Publication Date
9-28-2021
Journal
Nature Communications
DOI
10.1038/s41467-021-25936-2
PMID
34584096
PMCID
PMC8478907
PubMedCentral® Posted Date
9-28-2021
PubMedCentral® Full Text Version
Post-print
Published Open-Access
yes
Keywords
Base Pairing, DNA Cleavage, DNA Repair, DNA, Superhelical, Endodeoxyribonucleases, Genomic Instability, Models, Chemical, Models, Genetic, Stress, Mechanical, DNA, Molecular conformation, DNA metabolism, DNA nanostructures
Abstract
DNA in cells is supercoiled and constrained into loops and this supercoiling and looping influence every aspect of DNA activity. We show here that negative supercoiling transmits mechanical stress along the DNA backbone to disrupt base pairing at specific distant sites. Cooperativity among distant sites localizes certain sequences to superhelical apices.
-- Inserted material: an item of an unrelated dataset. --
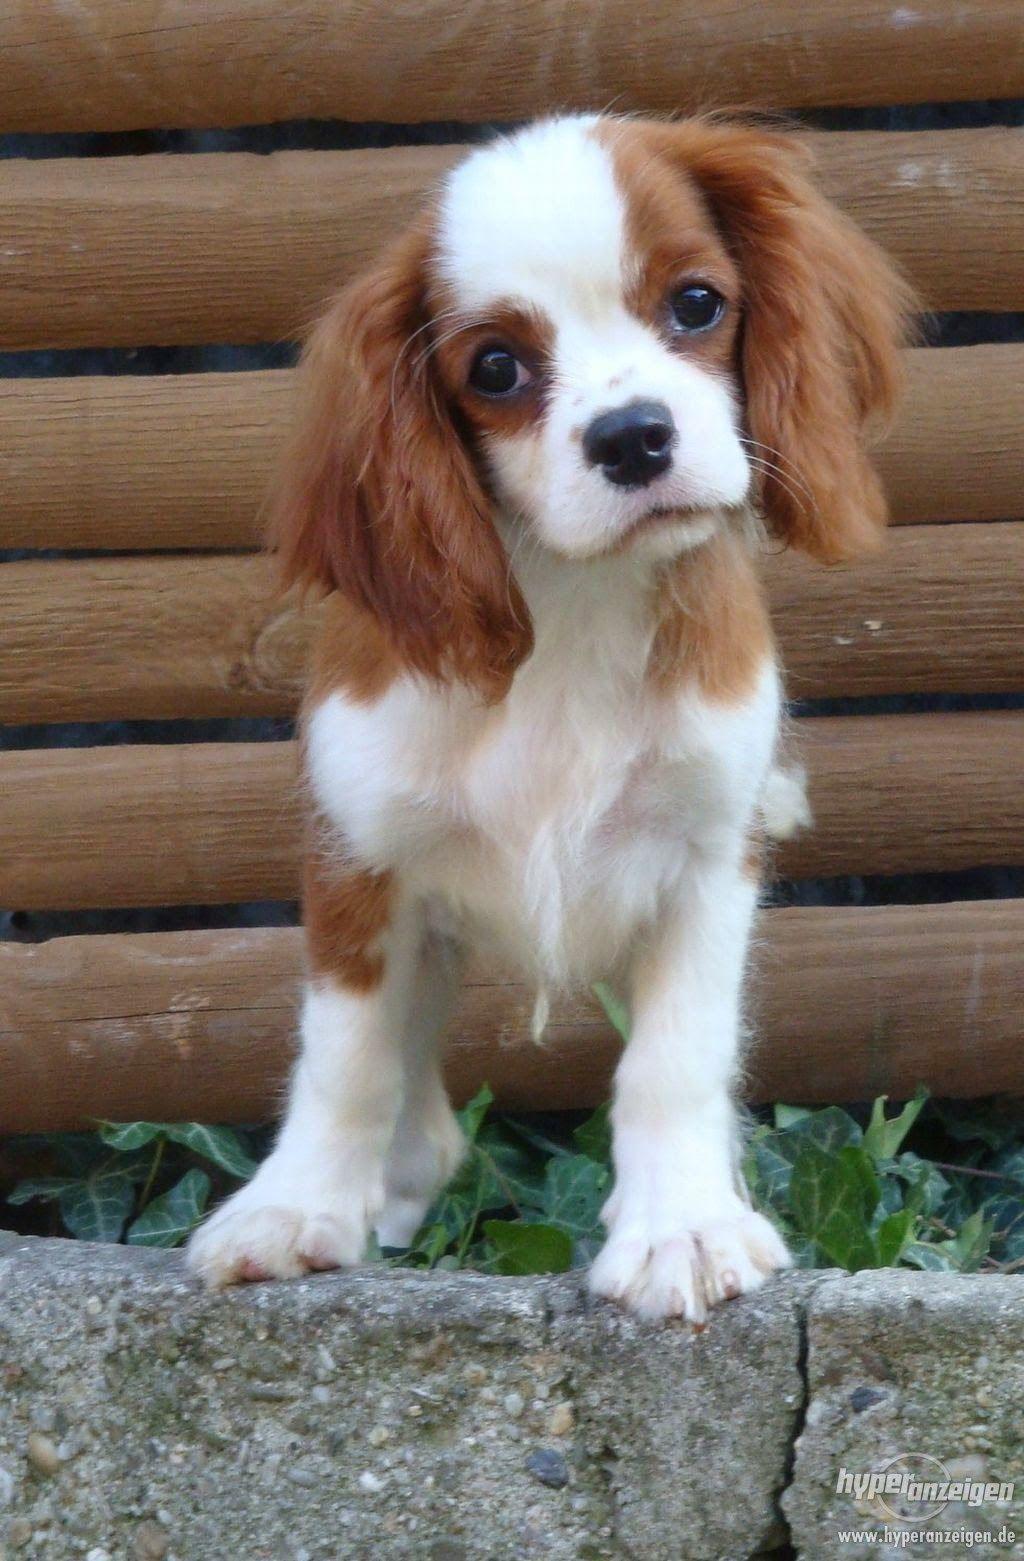 Top 5 Family Friendly Dog Breeds Dog Breeds Friendly Dog Breeds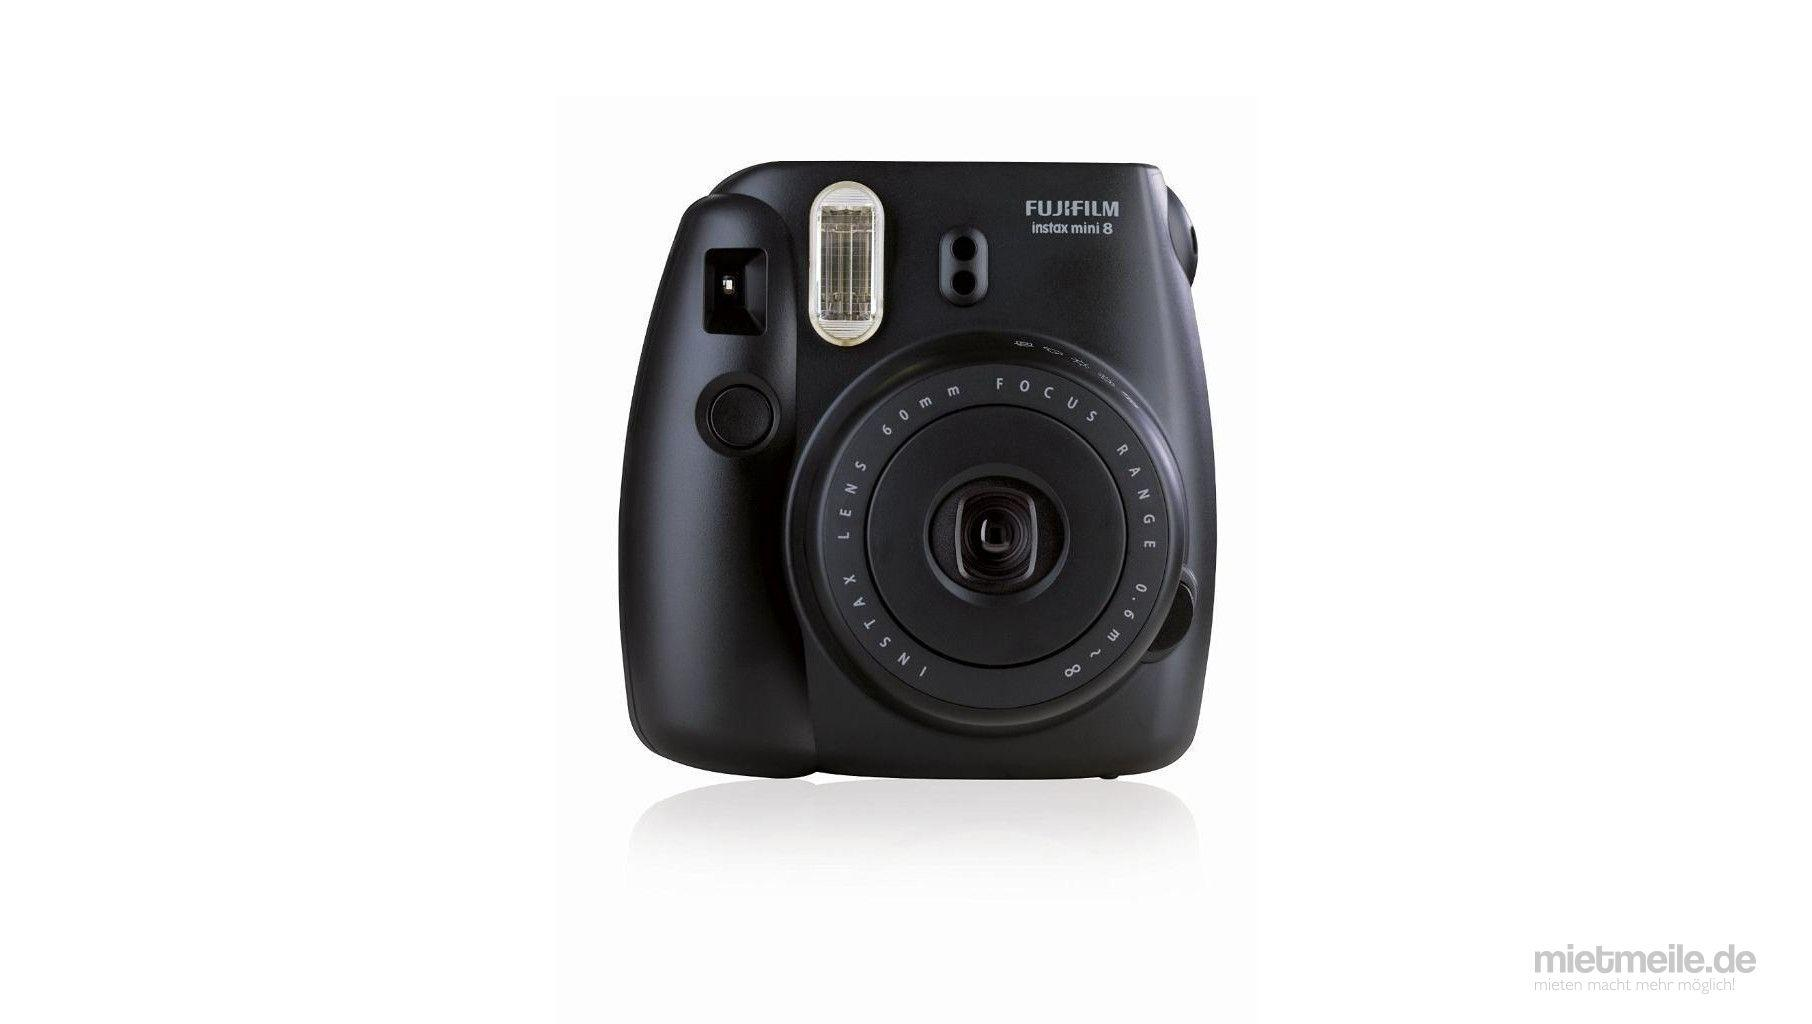 Fotobox mieten & vermieten - Sofortbildkamera Polaroid Kamera Instax in Schkeuditz

Base pair disruption allows sharp bending at superhelical apices, which facilitates DNA writhing to relieve torsional strain. The coupling of these processes may help prevent extensive denaturation associated with genomic instability. Our results provide a model for how DNA can form short loops, which are required for many essential processes, and how cells may use DNA loops to position nicks to facilitate repair. Furthermore, our results reveal a complex interplay between site-specific disruptions to base pairing and the 3-D conformation of DNA, which influences how genomes are stored, replicated, transcribed, repaired, and many other aspects of DNA activity.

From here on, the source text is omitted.